[Data excerpts]
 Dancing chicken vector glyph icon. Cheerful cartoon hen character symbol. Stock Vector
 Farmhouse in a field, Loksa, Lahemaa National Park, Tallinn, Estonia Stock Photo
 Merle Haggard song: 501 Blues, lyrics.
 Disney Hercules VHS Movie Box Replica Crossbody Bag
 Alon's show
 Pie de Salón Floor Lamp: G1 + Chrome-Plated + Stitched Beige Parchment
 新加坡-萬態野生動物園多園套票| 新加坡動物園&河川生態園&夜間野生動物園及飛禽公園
[/Data excerpts]
◆ **Work item**
Which lines of the listing contain the string "Stock"? Copy every one of them.

◆ **Answer box**
 Dancing chicken vector glyph icon. Cheerful cartoon hen character symbol. Stock Vector
 Farmhouse in a field, Loksa, Lahemaa National Park, Tallinn, Estonia Stock Photo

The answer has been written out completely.